NAWACITAPOST.COM - Keluarga korban dugaan malpraktik telah melaporkan Rumah Sakit Martha Friska Multatuli, Medan, ke Kementerian Hukum dan HAM (Kemenkumham). Langkah ini diambil setelah Eduard Hasiholan Panggabean, yang diduga menjadi korban malpraktik di rumah sakit tersebut, meninggal dunia.
“Selain ke Kemenkumham, keluarga korban juga telah melaporkan dugaan malpraktik ini ke Kementerian Kesehatan (Kemenkes), Ikatan Dokter Indonesia (IDI), dan Badan Pengawas Rumah Sakit,” ujar kuasa hukum keluarga korban, Roni Prima Panggabean, dikutip Senin (30/12/2024).
Roni menjelaskan bahwa pihaknya berharap instansi terkait segera melakukan audit dan investigasi terhadap seluruh jajaran RS Martha Friska Multatuli Medan. “Yang terpenting lagi, para pihak terkait segera memerintahkan Direktur RS Martha Friska Multatuli Medan untuk bertanggung jawab penuh atas kematian korban yang tidak sesuai dengan standar operasional prosedur,” tegasnya.
Roni mengungkapkan bahwa keluarga korban sebelumnya telah beberapa kali meminta pertanggungjawaban dari pihak rumah sakit terkait dugaan malpraktik tersebut. Namun, hingga saat ini, pihak rumah sakit belum memberikan tanggapan maupun pertanggungjawaban.
Baca Juga: MAKI Singgung Pansel KPK Pilihan Jokowi Tidak Sah
“Keluarga korban telah mempertanyakan kematian korban sebanyak empat kali. Namun, tidak ada tanggapan atau pertanggungjawaban dari pihak rumah sakit tersebut,” ujar Roni, yang merupakan Managing Partner Kantor Hukum Roni Prima & Partners di Jakarta Selatan.
Roni kemudian memaparkan kronologi dugaan malpraktik yang menyebabkan korban meninggal dunia. Menurutnya, pada 9 September 2024, Eduard dirujuk ke RS Martha Friska Multatuli di Medan berdasarkan rekomendasi dari RS Santa Lusia di Kota Siborong-borong, Tapanuli Utara. Korban tiba di rumah sakit sekitar pukul 02.00 WIB dan masih dapat berbicara serta makan secara normal.
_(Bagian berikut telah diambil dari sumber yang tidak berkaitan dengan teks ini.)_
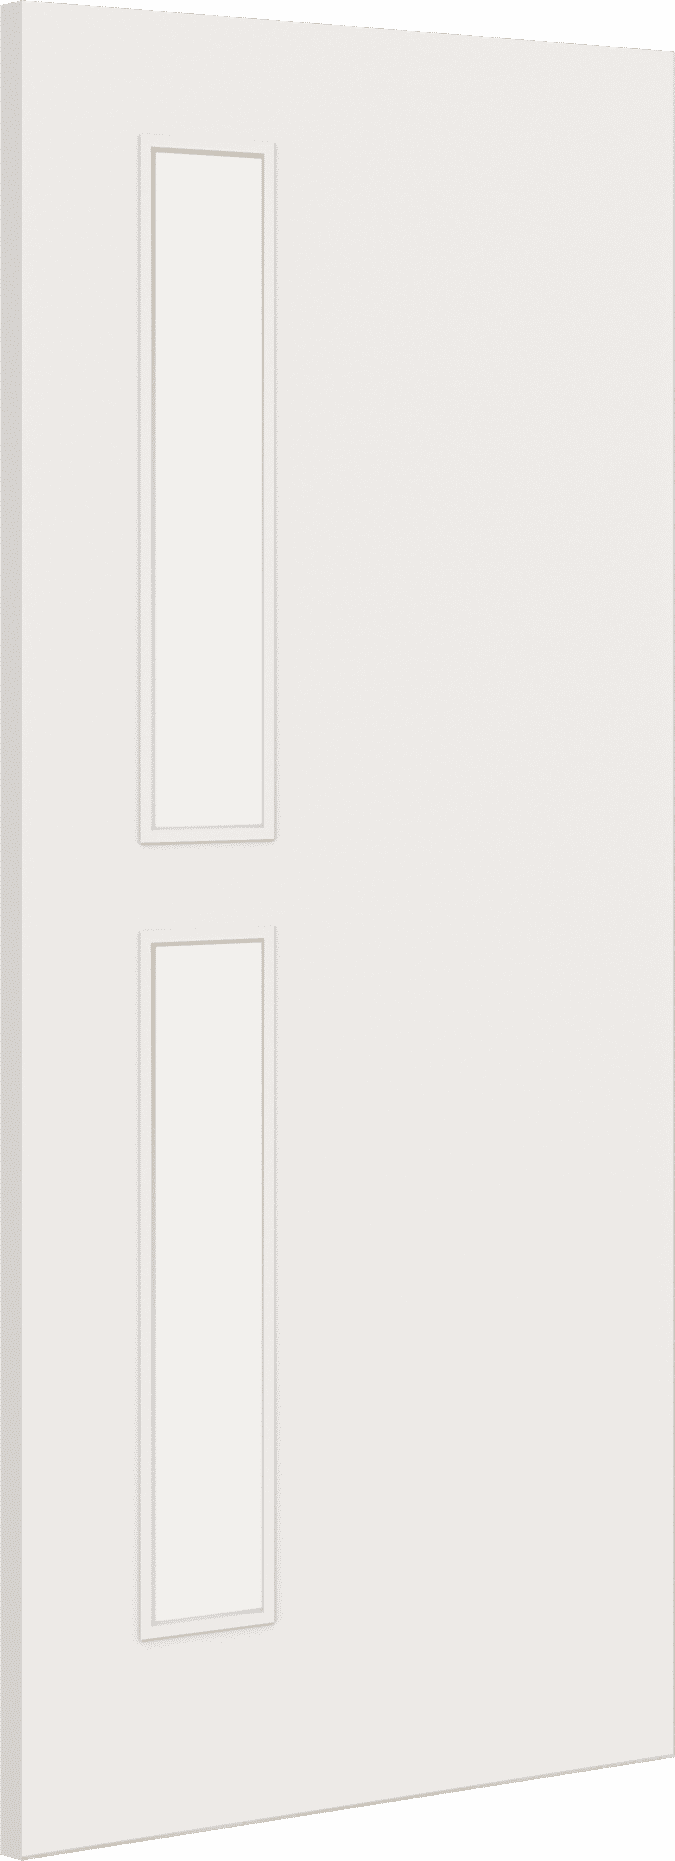 2040mm x 926mm x 44mm Architectural Paint Grade White 07 Clear Glazed Fire Door Blank

“Sekitar pukul 10.00 WIB, seorang perawat datang meminta izin kepada korban untuk melakukan penyuntikan. Perawat kemudian menyuntikkan obat Infimycin Azithromycin Dihydrate serbuk infus IV 0,5 gram melalui jalur vena di tangan kiri korban,” jelas Roni.
Setelah penyuntikan, perawat menghentikan sementara aliran infus untuk menunggu penyuntikan selesai, lalu meninggalkan ruangan. Tak lama kemudian, korban menunjukkan reaksi terhadap obat tersebut. “Korban merintih dan meronta kesakitan, merasa kepanasan, menggigit lidah, dan akhirnya meninggal dunia,” tambah Roni.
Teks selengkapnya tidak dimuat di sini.